University of Greenwich: University of Greenwich holds mass casualty simulation for students
Paramedic students across all years of study recently took part in a simulated plane crash at Sparrow’s Farm, part of the University of Greenwich.
The purpose of the event was to provide paramedic students the opportunity to undertake a major incident exercise involving mass casualties. The day started with the students being split into five groups that then revolved through short simulation stations run by a professional paramedic team. These simulations were designed to test a particular skill or patient presentation that would be useful to them for the afternoon.
After lunch, the students assembled at the Sparrows farm complex and were given a refresher on major incidents, the command-and-control structure, the principles of triage sieve and how such events should be generally managed. Students were allocated different roles and provided radios for communication between the different areas.
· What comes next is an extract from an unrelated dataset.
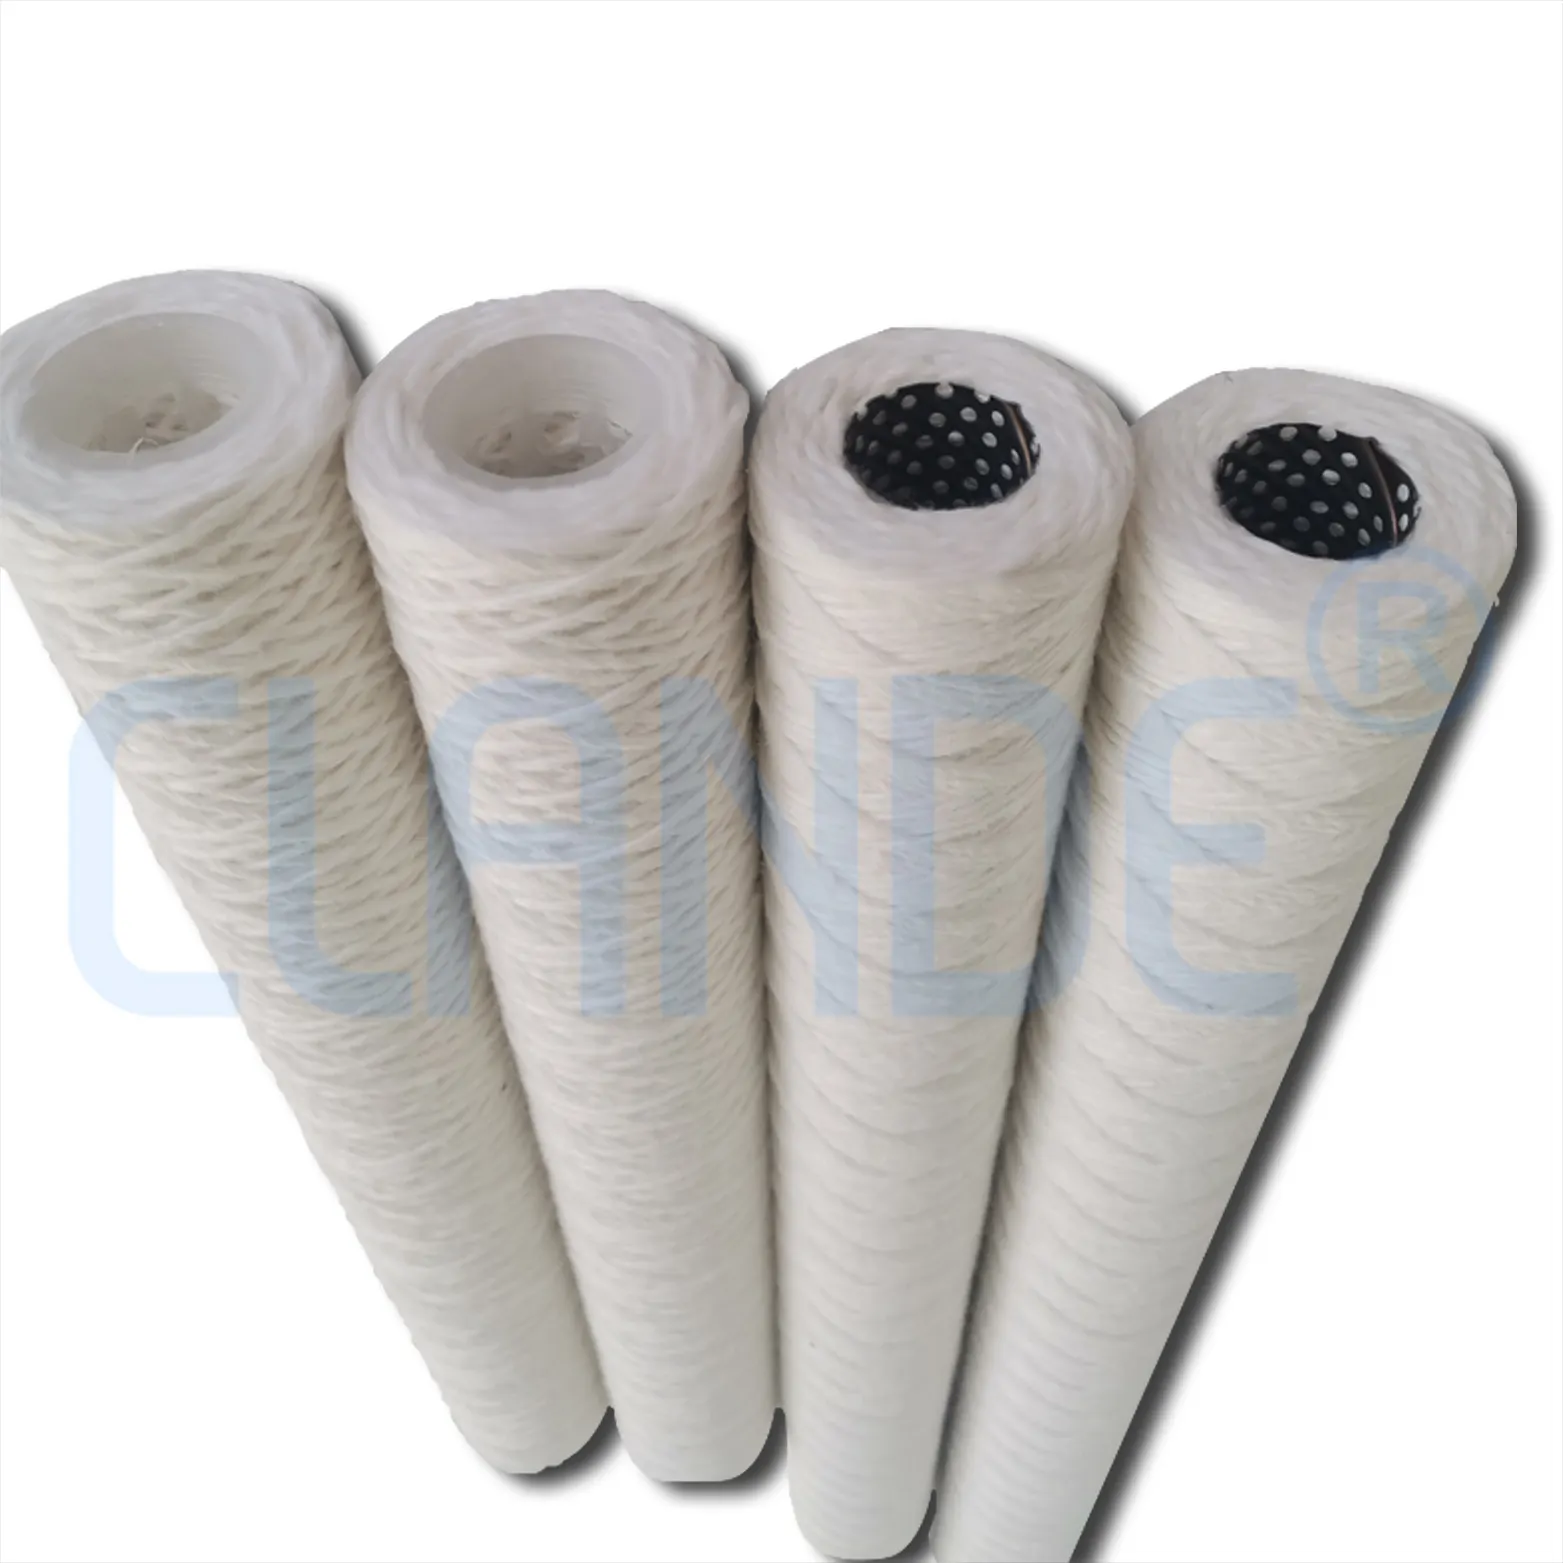 High Quality 20 Inch 5 Micron Pp String Wound Cartridges For Sediment Filter

Students were then told by instructors that a plane attempting to make a forced landing had crashed onto the playing fields adjacent to the campus. The scene they met was several casualties scattered across an area, some of whom were played by actors with a variety of injuries, and the rest made up of manikins. Each of the patients was tagged with very basic information for the first two triage teams to make a sieve decision and tag the patient appropriately in terms of priority.
It is the first time that the university have done a simulation on this scale as nearly 300 students were involved over a three-week period.
Senior Lecturer in Paramedic Science, Rob Slee said:
“In terms of organisation, it has been a lot to put together in a short space of time. I only started planning this back in January, and whilst I had the concept of the plane crash and how each of the weeks would run, it would not have been possible to pull it off without the help of the University of Greenwich GLASC team, who each day set out the scene and got the actors ready for the main event and got the job of tidying stuff away at the end of each day.
“A huge thanks to the rest of the Paramedic team who, despite a busy workload, gave up time to run the short scenarios, brief the students and shadow the various groups of students during the mass casualty element guiding them through what they needed to do and any safety concerns.
“From the students’ perspectives they found the whole thing to be really positive, debriefs were done at the end of each day on how they felt the simulation had gone, and by us mixing up the year groups and campuses, it helped to reinforce the professionalism when working with others.”